Для поздних лет не все тропинки торны, Зато любви все возрасты покорны, Ее кавказский пленник я по гроб. В отставку? Нет! Милы мне женщин чары. Они мои давнишние сардары, Пишу стихи о них, а мемуары Писать не стану – лучше пуля в лоб!
В Дербенте виноградари гуляли, И возносилась древняя лоза, И предо мной, зеленые, мерцали Твои, как виноградины, глаза.
В Японии попал я ненароком На праздник вишни. И твои уста, С вишневым породнившиеся соком, Припоминал в разлуке неспроста.
На праздник роз меня позвав, болгары С вином багряным сдвинули бокалы, Но догадаться не были вольны, Что вспоминал я, их веселью вторя, Как на заре выходишь ты из моря По розовому кружеву волны.

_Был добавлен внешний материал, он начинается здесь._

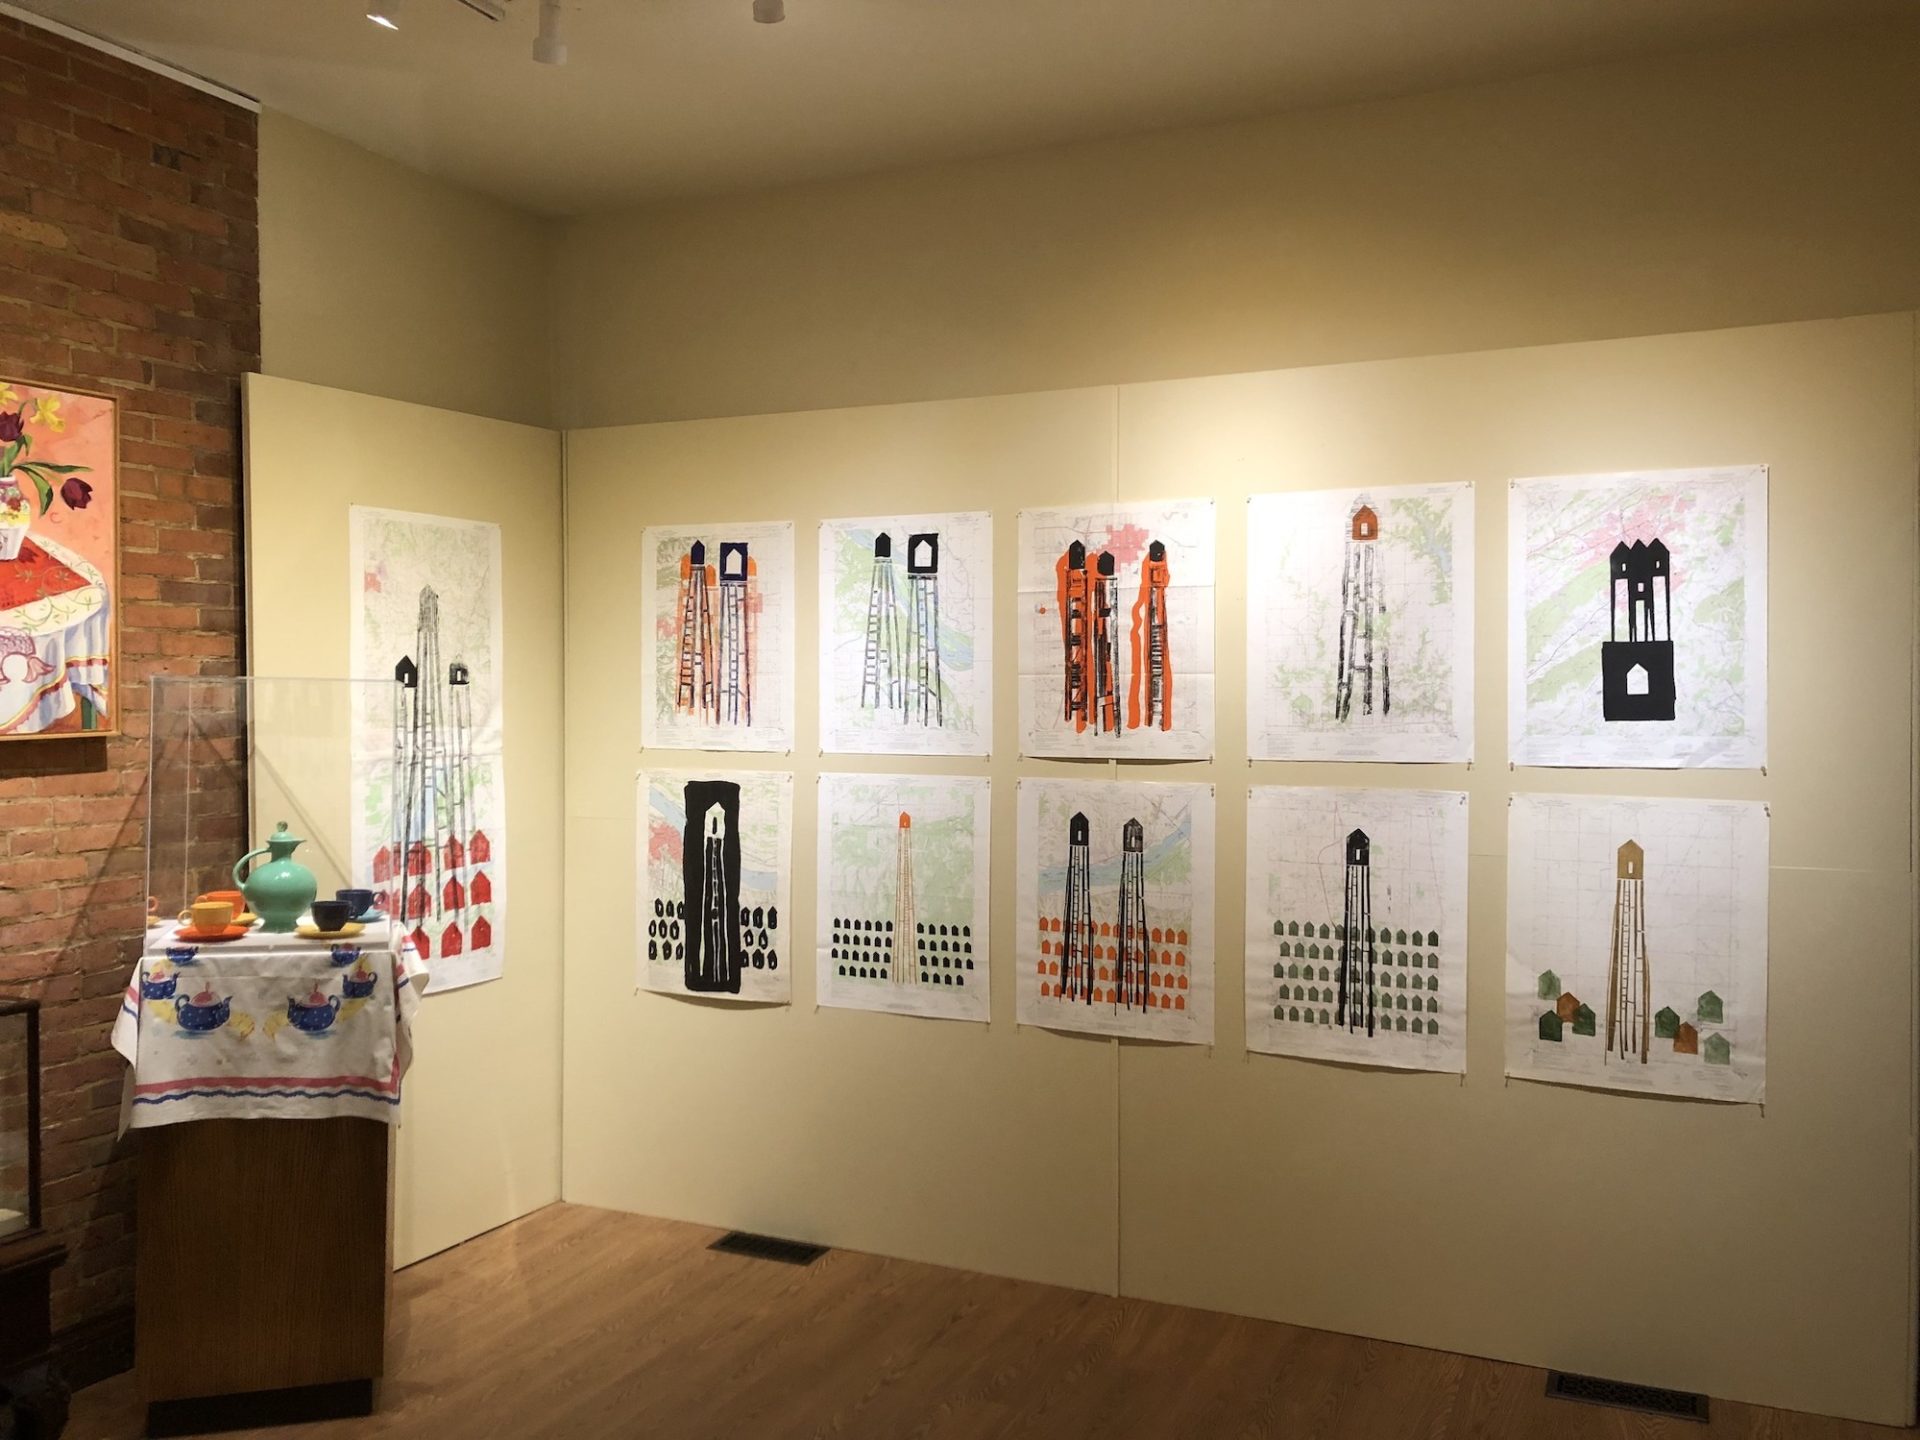 10 of Robb Springfield's Stilt Houses creations are on a gallery wall in 2 rows of 5 works each. The stilt house images are large and bold in black, red, orange, and blue. The background of each picture is an Illinois map.

На кубинском карнавале помню я, как выбирали Королеву Красоты. И сказали мне: – Друг чести, избирай со всеми вместе Королеву Красоты. Горяча, как поединок, кровь пленительных кубинок, И прекрасны их черты. Ходят стройно, смотрят знойно, и любая быть достойна Королевой Красоты.
Вдруг за далью океана встали горы Дагестана, Белоснежные хребты. И на царственной вершине посреди небесной сини Предо мной явилась ты! Я тотчас воскликнул: «Здравствуй!» Отозвалось эхо: «Властвуй, Королева Красоты!»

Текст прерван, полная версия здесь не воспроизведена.